Trust Before Teach! ( Line Leader? Not Anymore! )

Line Leader? Not Anymore!
Teaching Trust through New Class Roles and Responsibilities

We see students survive every day. We often times survive every day. We survive a class, a test, a conflict, a relationship and a challenge; and yet, surviving is very different then thriving! Many of the students that we see every day bring a degree of stress with them into our classrooms. Thankfully many of them also have supports in their lives that allow them to manage this stress in a productive manner. Our most difficult students however are not as lucky. They live in a state of chronic toxic stress. Chronic toxic stress changes the brain. This level of stress literally places their brains in a survival mode. If the brain is in a survival response; its creative, resourceful and imaginative higher level thought processes are compromised because of emotions and thoughts that feel unsafe, unfamiliar and threatening. When we feel guilt, shame, anger, sadness and any negative emotion over an extended period of time our brains begin to create neural pathways that ignite habits of feelings in response to the thoughts that call forth these emotions. Neural traits become brain states. We settle. We create a victim stance. We react rather than respond. When human beings have their developmental needs met, we unfold naturally and that unfolding guides us in discovering our natural gifts and to thrive.
Trust is the foundation of how we relate to people in this world. If the process of trust is not established as so many researchers have reported and validated, then we have challenging times with students who feel disconnected and detached in ways that grow opposition aggression, shame, hurt and hopelessness.
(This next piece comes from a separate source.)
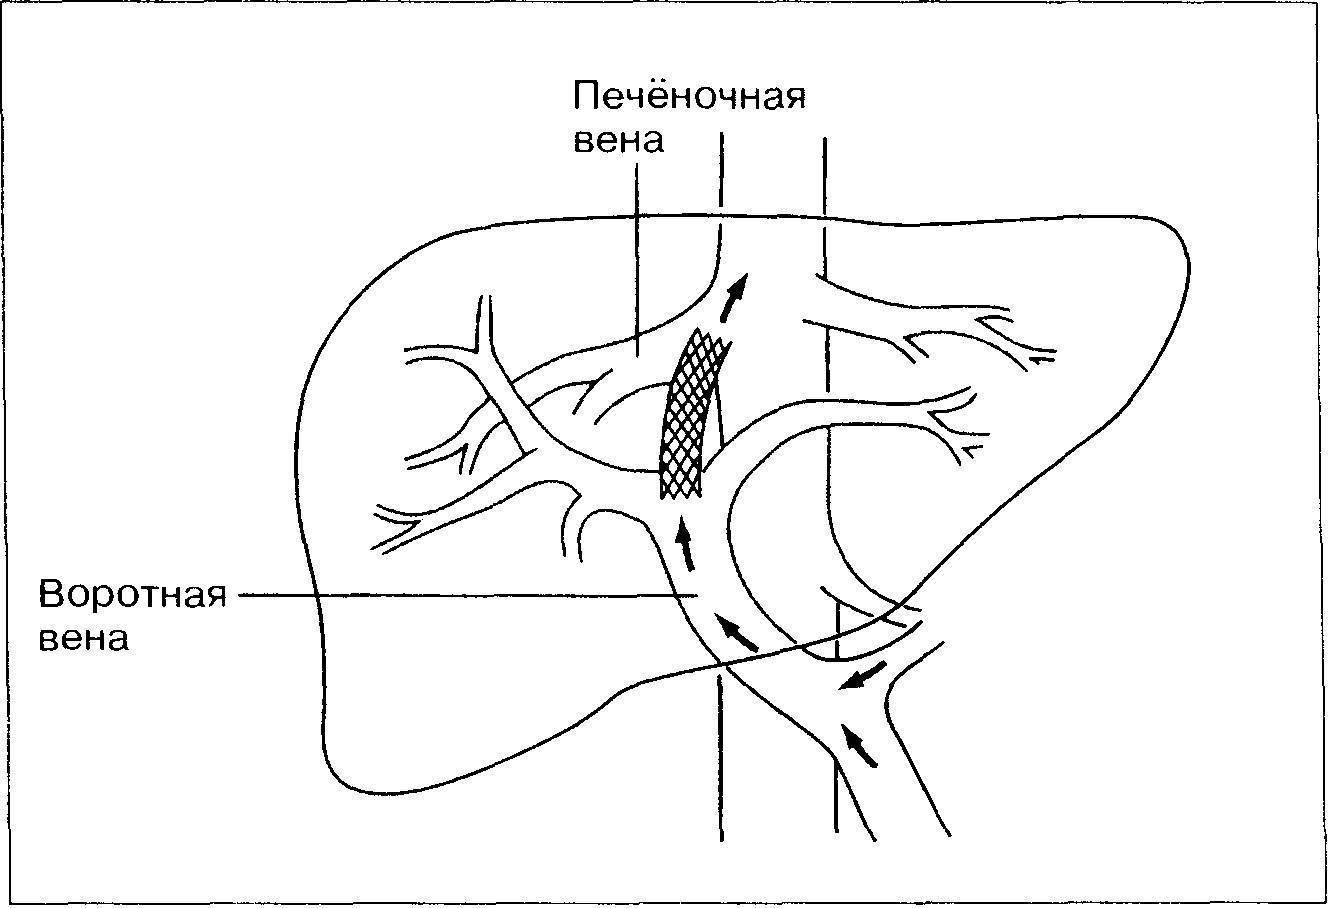 Воротная вена — большая медицинская энциклопедия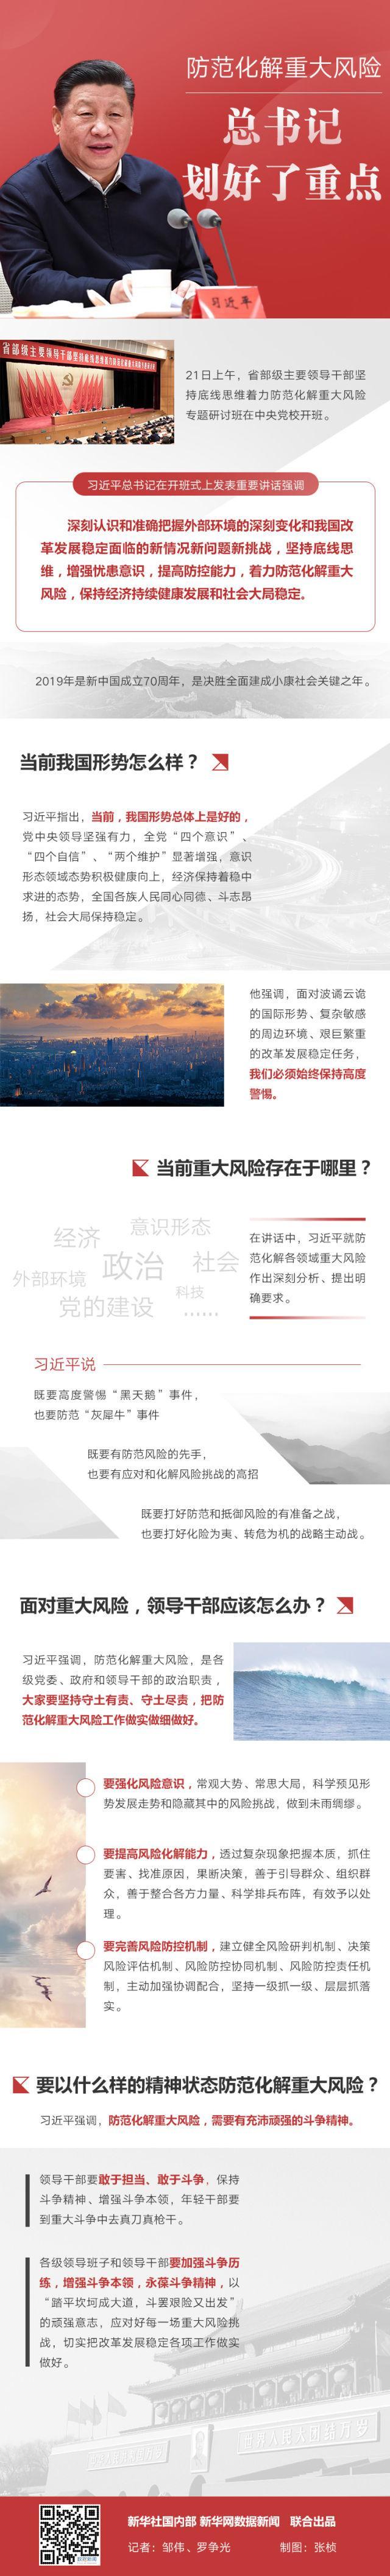 解读习近平总书记在省部级主要领导干部坚持底线思维着力防范化解

Can I be the kind of teacher that listens hard with interest, without judgment, with enthusiasm that finds ideas in a child she or he didn’t even know they had? We are far smarter when linked to those who accept, respect and encourage us. May my interest, vulnerability and openness be true gifts to the teaching and learning process! I have a long way to go, but my mind is pondering! Because even as adults we need that person who listens deeply, encourages and sees our potential! This is sometimes enough to change the trajectory of the learning process!
How do we establish trust where students begin to feel autonomous, masterful and maybe, for the first time sense a purpose in their days? We can talk about I all day long, but to begin to trust and thrive, as educators we need to begin creating classroom responsibilities and tangible roles and professional tasks that set students up for success.
Last week as I was driving to one of our large diverse public elementary schools to speak with teachers about trust and connection, my mind went to a different realm of classroom structure and function. I began to think differently about what “trust” looks like in our classrooms. Traditionally we give students responsibility in the classroom with different jobs, such as paper passer, line leader, errand runner, etc.; but I began to delve deeper into building trust through leadership and caregiving roles and responsibilities. These roles and responsibilities call us to explore the emotional climate in our classrooms that breeds service and compassion. When we are engaged with one another, feeling our power, compassion and service, the neural circuitry in the brain shifts and our reward system of dopamine and serotonin execration sharpen our focus, emotional regulation and engagement!
These professional responsibilities can change as often as we feel necessary. The descriptions below are only guidelines and ideas for you to explore and adapt in all grade levels. These class responsibilities and roles are vitally important in secondary school, as we are providing an opportunity for our students to show up in a much different way than being the passive recipient of rules, lecture, and knowledge dispersed each day.
Classroom Professions
1. Giver- This student’s responsibility is to give encouragement, affirmation and acts of kindness throughout the day. The Giver may use post-its, create signs, verbal messages or any means of communicating hopefulness.
2. Story-teller- This job could take so many forms. Students could discover a book to share, integrate vocabulary or content words into a story. Younger students could create a picture story and journal stories are written, shared, turned into screen plays, or submitted for publication from older students. Students would have fun developing an IMovie or blog for the class. He or she could create a class story with classmates names, school, projects, or weave any content into this context for learning standards or subject matter. The brain adheres to stories!
3. Noticer- This job is to notice what is going well and right! The antithesis to tattling or snitching!
4. Kindness Keeper- This job is a recorder of all the kind acts performed throughout the day or week. The kindness keeper will reflect on these kindnesses and share with the classes periodically.
5. Resource Manager- this is the student that suggests ideas, resources or ways to solve a problem or locate information…either academically or behaviorally.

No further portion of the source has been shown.